The agency director reported that the agency expends a great deal of effort trying to keep children out of foster care, as is also the case in the other two agencies. All cases entering foster care have an initial goal of reunification. The only exceptions are cases that had previously been in foster care, which can go directly to the adoption unit under certain circumstances. Once a child is placed in care, services provided to reunify the family include individual and family therapy for the parents and child, substance abuse treatment, mental health treatment, parenting classes, employment and training services, day care, and medical services. If birth parents refuse to participate in services or make no progress toward remedying their problems within 6 months of placement, the worker considers changing the goal to adoption.
Agency C maintains legal custody of the child and gives physical custody to parents when a child returns home. This custody arrangement generally lasts for a minimum of 6 months and allows the agency to immediately remove the child without going to court if there is any question of the child's safety at home. Aftercare services are provided by a contractual agency for up to 20 hours per week and include services to improve parenting skills and assistance in helping the child make the transition back into the family.

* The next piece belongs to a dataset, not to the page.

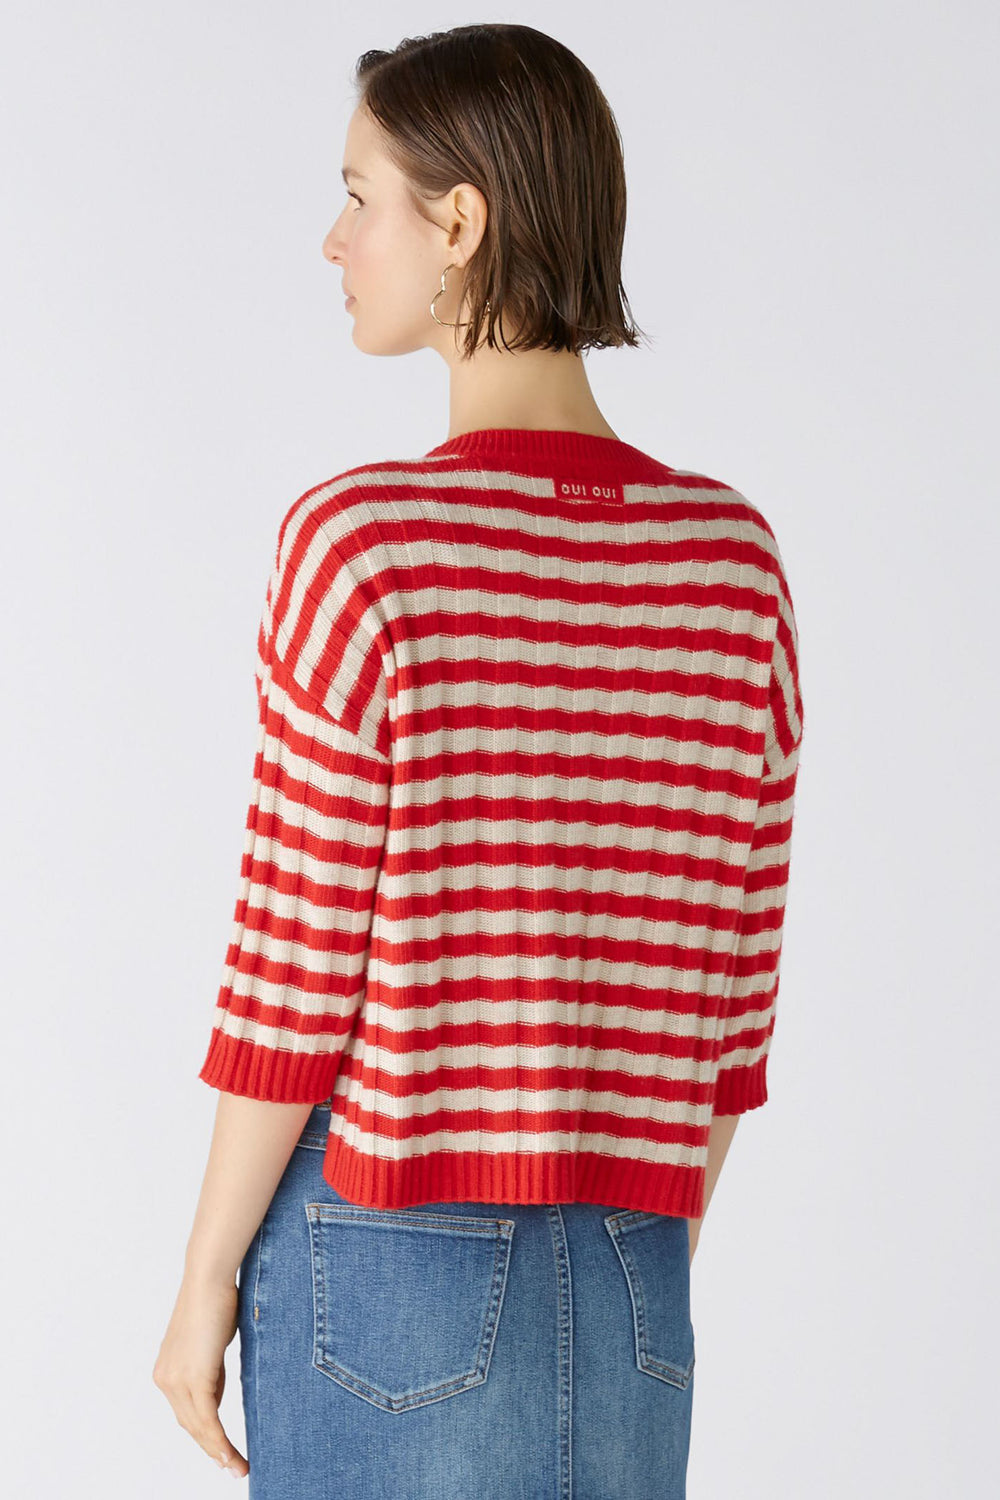 Oui 86632 Red Stone Stripe Chilli Jumper - Olivia Grace Fashion

3. It is important to remember that the individual workers we spoke with were chosen by their agencies and likely represented the agencies' more exemplary workers. However, the agencies provided access to workers with varied backgrounds and experiences, from different reunification programs (intensive reunification vs. ongoing foster care units), and who served various types of families.
4. Three of the four had masters in social work degrees.
5. No information was available on the number of children who were reunified, adopted, or had other exit outcomes.
6. This site was a pilot site for Family to Family. This model emphasizes a community-based approach to foster care which includes placing children in their neighborhoods, involving foster families as team members in reunification efforts, and investing in the neighborhood as a resource for children and families.